This toolkit provides a comprehensive suite for fine-tuning diffusion models, targeting users who want to train image and video models on consumer-grade hardware. It offers both a GUI and CLI, aiming for ease of use with extensive features for model training.
How It Works
The toolkit leverages PyTorch for its core operations and supports various training techniques like LoRA and LoKr. It includes features for dataset preparation, allowing automatic resizing and aspect ratio handling, and enables fine-grained control over which model layers are trained using only_if_contains
and ignore_if_contains
network arguments.
Quick Start & Requirements
- Installation: Clone the repository, create a Python virtual environment, install PyTorch (cu126), and then install requirements.

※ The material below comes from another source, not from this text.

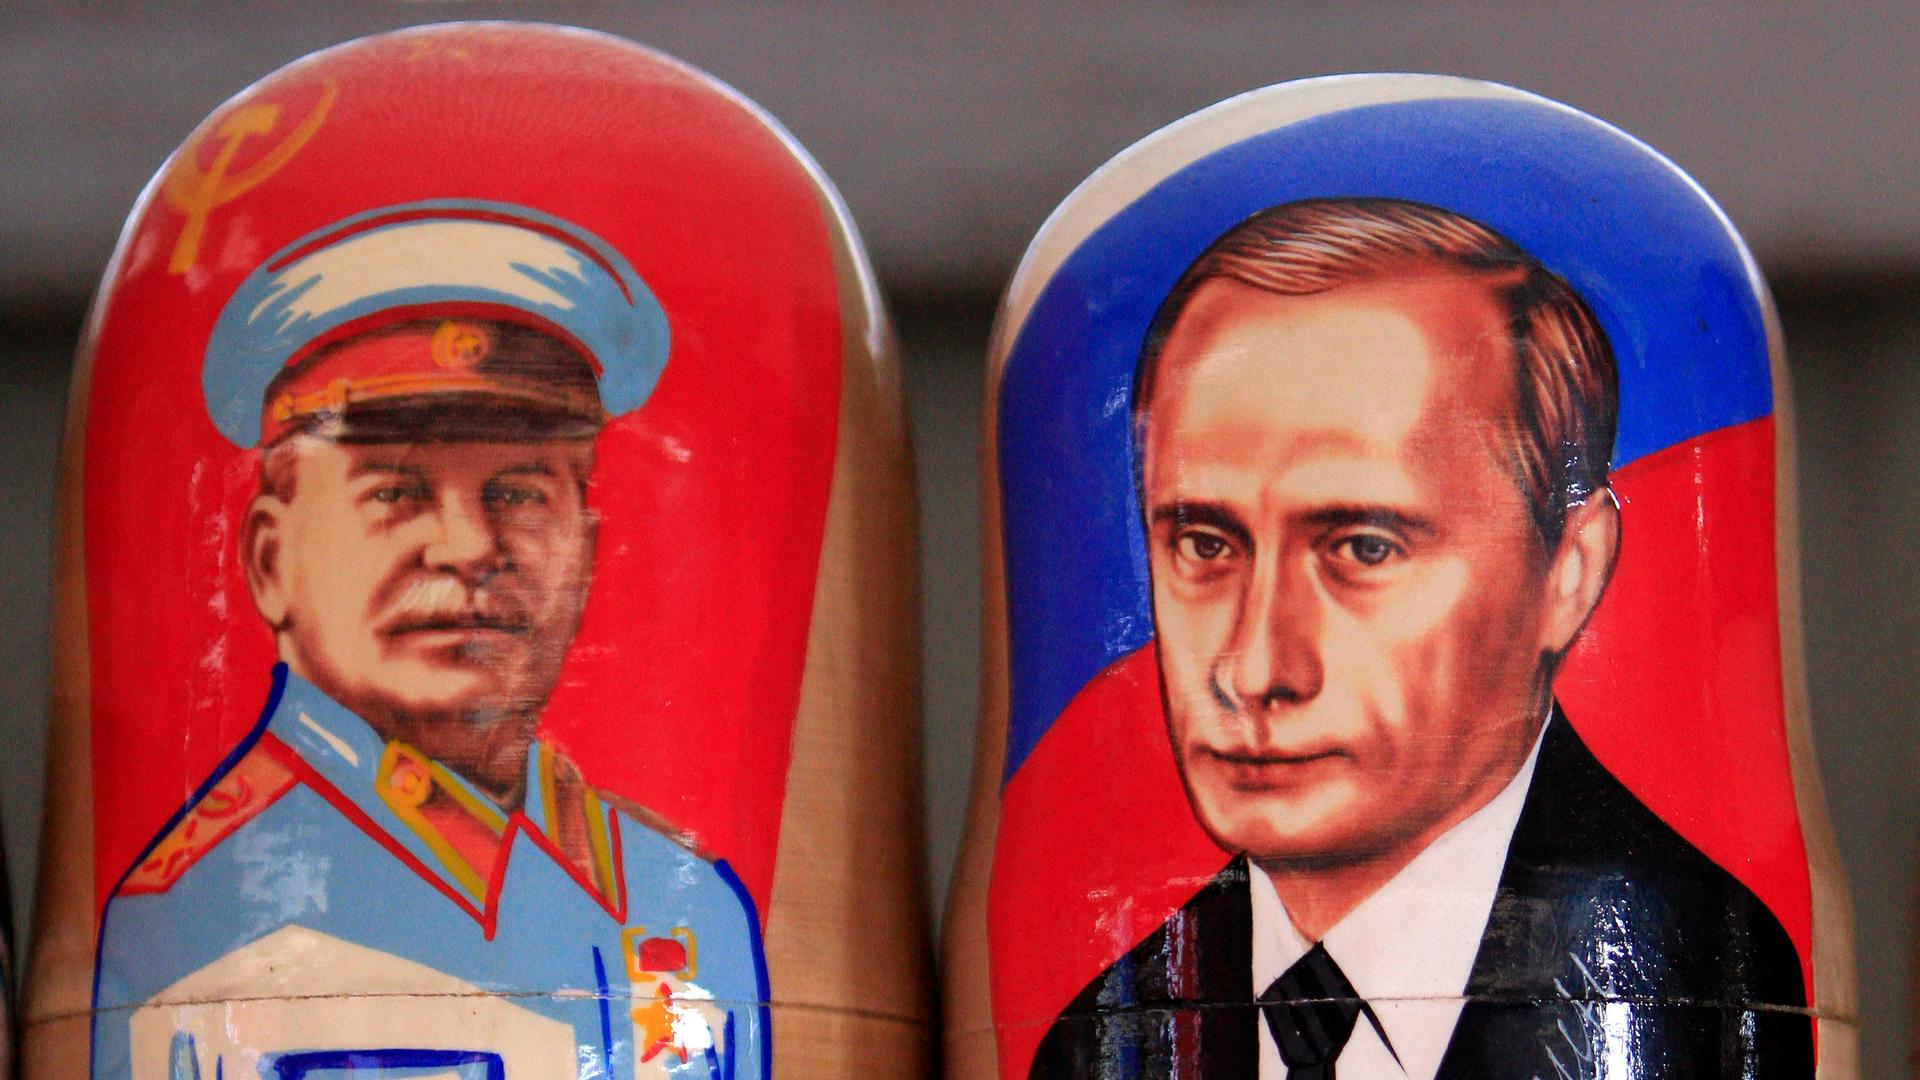 Traditional Matryoshka dolls or Russian nesting dolls bearing the faces of Russia's president elect and current Prime Minister Vladimir Putin and former Soviet dictator Josef Stalin are seen in a souvenir shop in Kiev March 5, 2012.

- Prerequisites: Python >3.10, Nvidia GPU with sufficient VRAM, Node.js >18 (for UI).
- UI: Run
npm run build_and_start
in the ui
directory. Access at http://localhost:8675
.
- Auth Token: Set
AI_TOOLKIT_AUTH
environment variable to secure the UI.
- Documentation: Tutorials and examples are available for FLUX.1 training, RunPod, and Modal.
Highlighted Details
- Supports training on consumer-grade hardware, with specific tutorials for 24GB VRAM GPUs.
- Offers both a web-based UI and a CLI for flexible interaction.
- Includes advanced features like training specific layers and supporting LoKr network type.
- Provides examples for deployment on platforms like RunPod and Modal.
Maintenance & Community
- The project is actively maintained, with the last update on 2025-04-22.
- Support and community interaction are primarily directed to a Discord server.
Licensing & Compatibility
- The base toolkit appears to be permissively licensed, but specific models like FLUX.1-dev have a non-commercial license, which is inherited by trained models. FLUX.1-schnell is Apache 2.0 licensed.
- Commercial use is possible with Apache 2.0 licensed models, but requires careful attention to the specific model's license.
Limitations & Caveats
- Training FLUX.1 requires a minimum of 24GB VRAM, and native Windows support has reported bugs.
- FLUX.1-dev has a non-commercial license and requires Hugging Face authentication and license acceptance.
- WebP image format has known issues.